Avec Aleroj, un de ses compères, il fonde alors le label Trampa avec un but clair : produire d’autres artistes du même style, accompagner et faire grandir ce mouvement qui émerge alors.
Mister worldwide
Le latincore s’exporte désormais jusqu’en Europe. Habitant désormais Berlin, CRRDR entend bien éduquer le public européen sur la richesse de la scène club sud-américaine. Dans un set pour Kiosk Radio, on le voit ainsi diffuser ce message : « Latinx music not only is reggaeton » ; une façon de rappeler au Nord ce qu’il se passe hors de sa zone d’influence, et que la culture musicale sud-américaine ne se résume pas à quelques playlists.
Car derrière le package latincore, c’est une myriade de genres qui se tiennent prêt à retourner le club.

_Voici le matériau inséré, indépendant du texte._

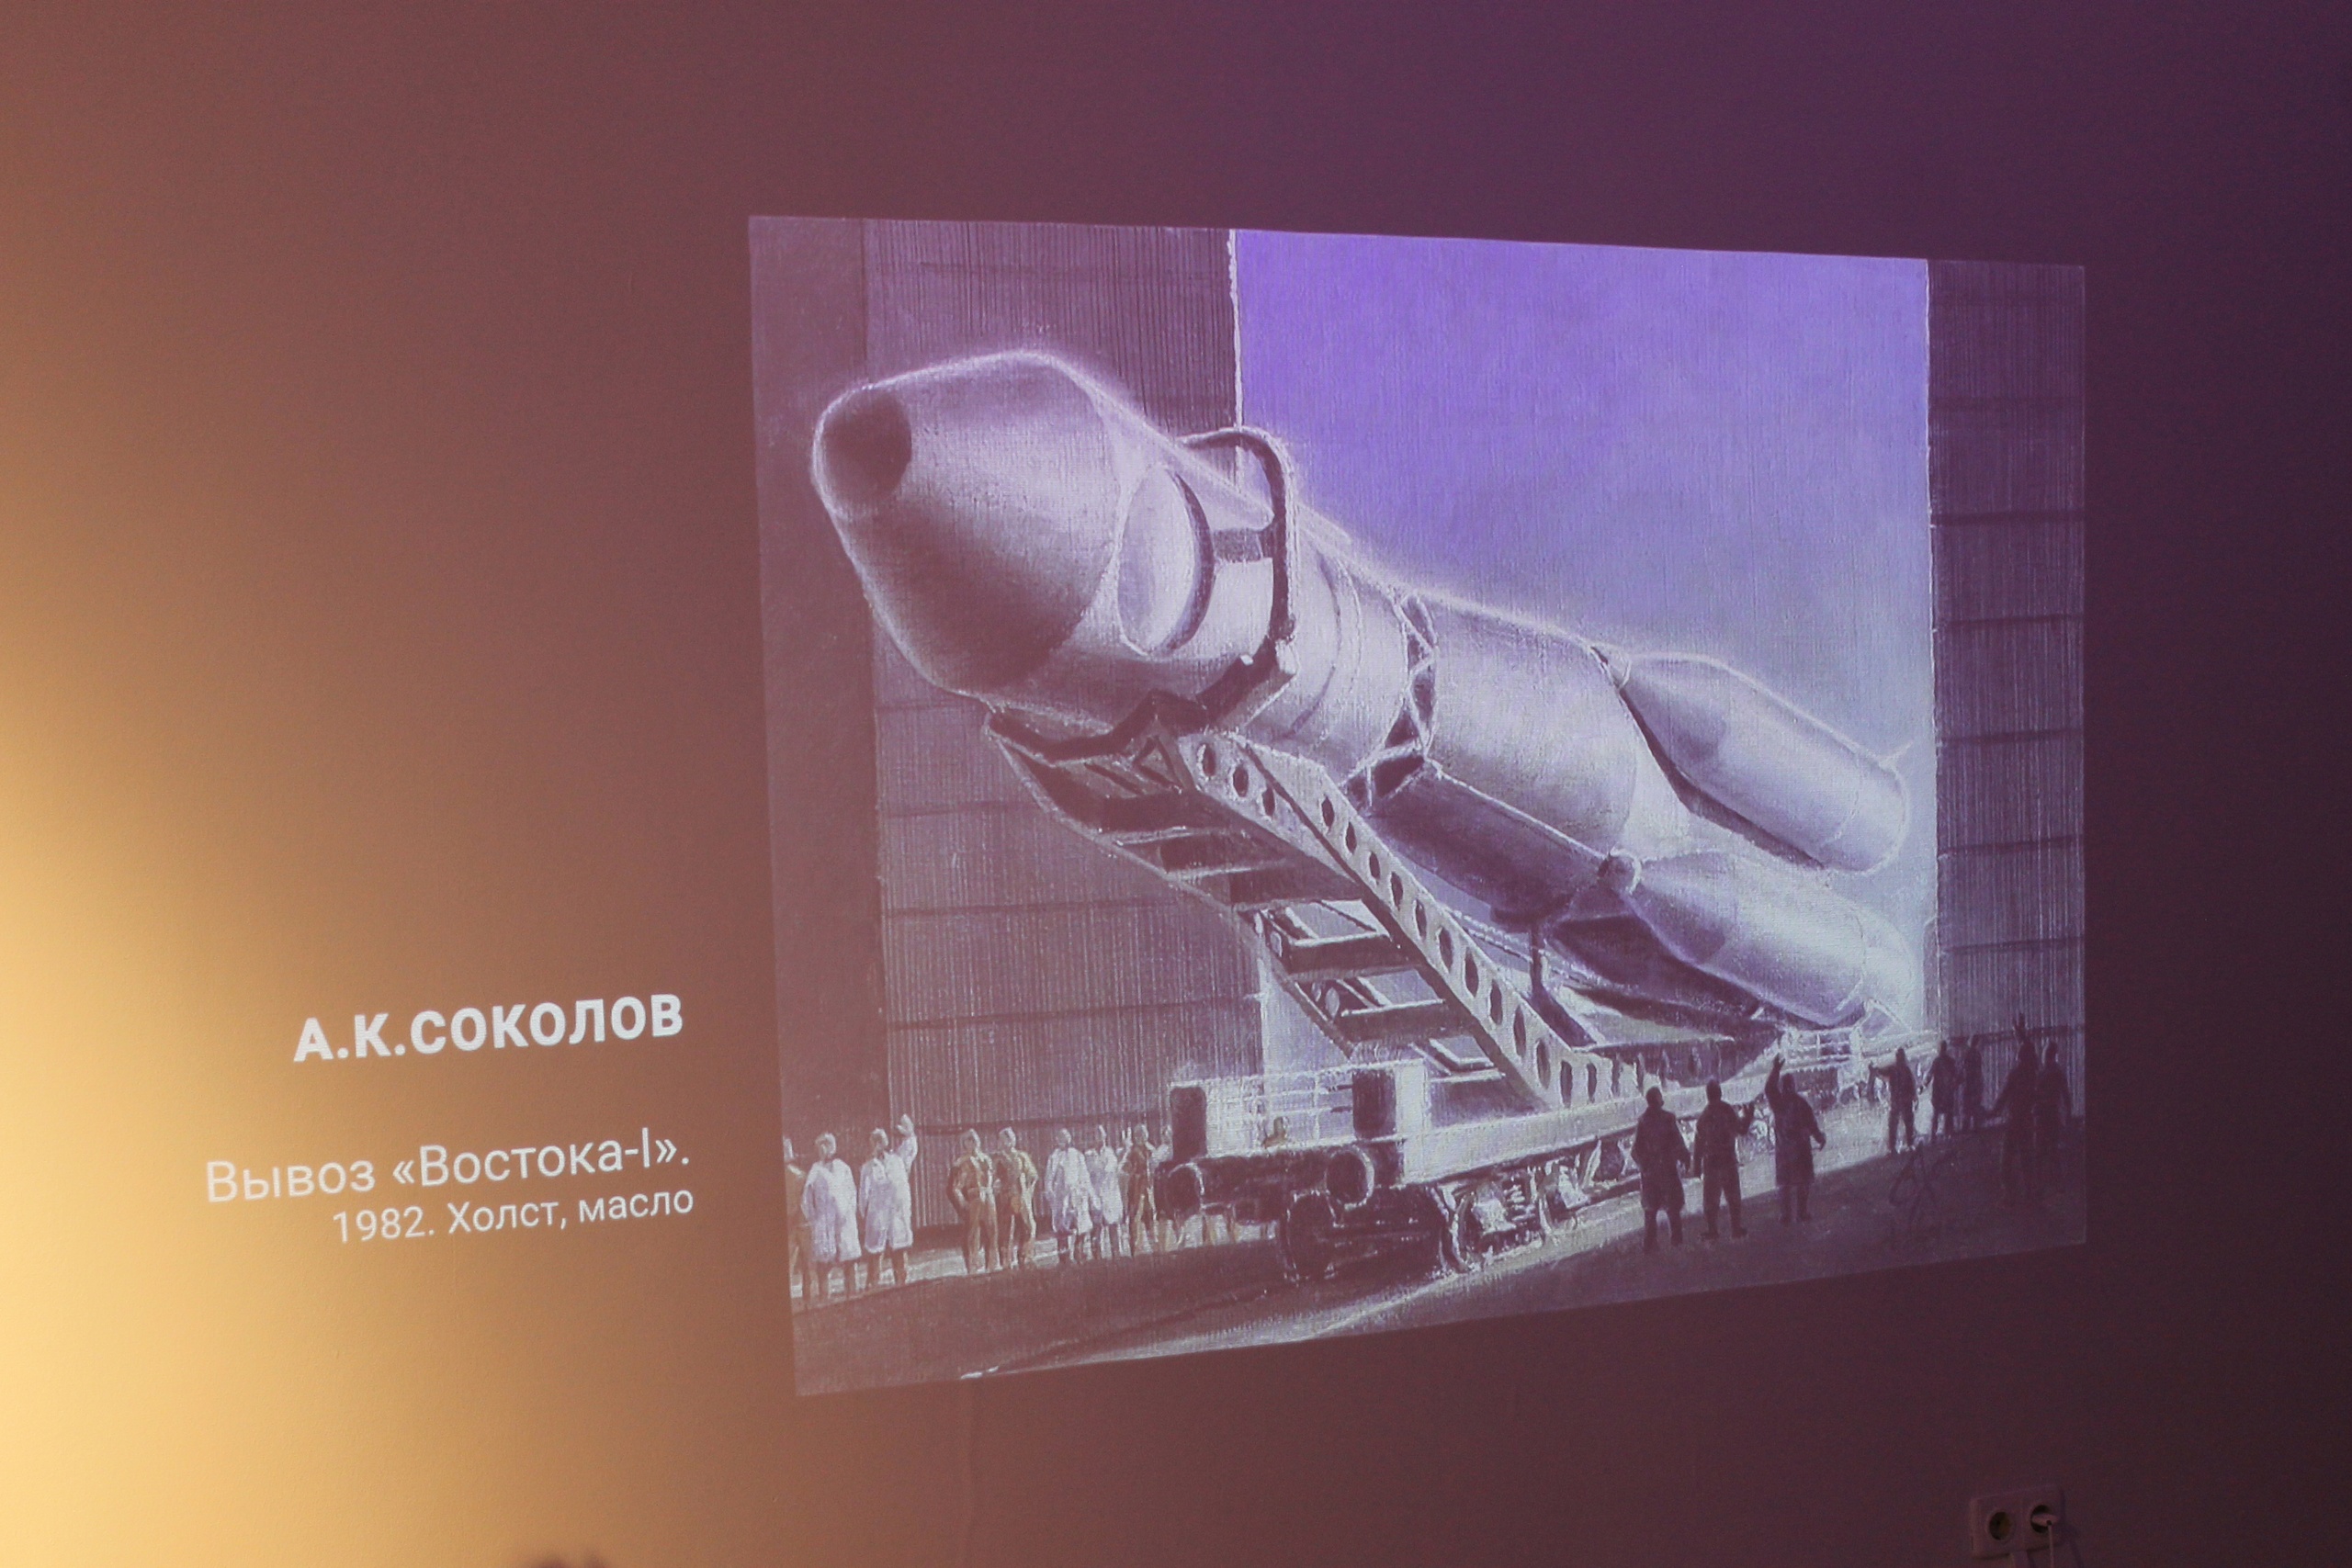 Около сотни кемеровчан посетили мультимедийную выставку Русского музея «Посвящение космонавтике» в первые дни после открытия

Du plus mignon UwUaracha (dont le nom référence les émojis kawaïs japonais) au nettement plus hardcore speed dembow et perreo-core, la scène électronique latinx est (très) riche.
Avec une esthétique décalée à coup d’emojis kitsch, de référence années 2000 et de typographies explosées, CRRDR s’adresse à une génération nourrie à Internet et capable de mélanger tous les styles pour danser sur une musique globale — en opposition à l’hégémonie et la codification occidentale.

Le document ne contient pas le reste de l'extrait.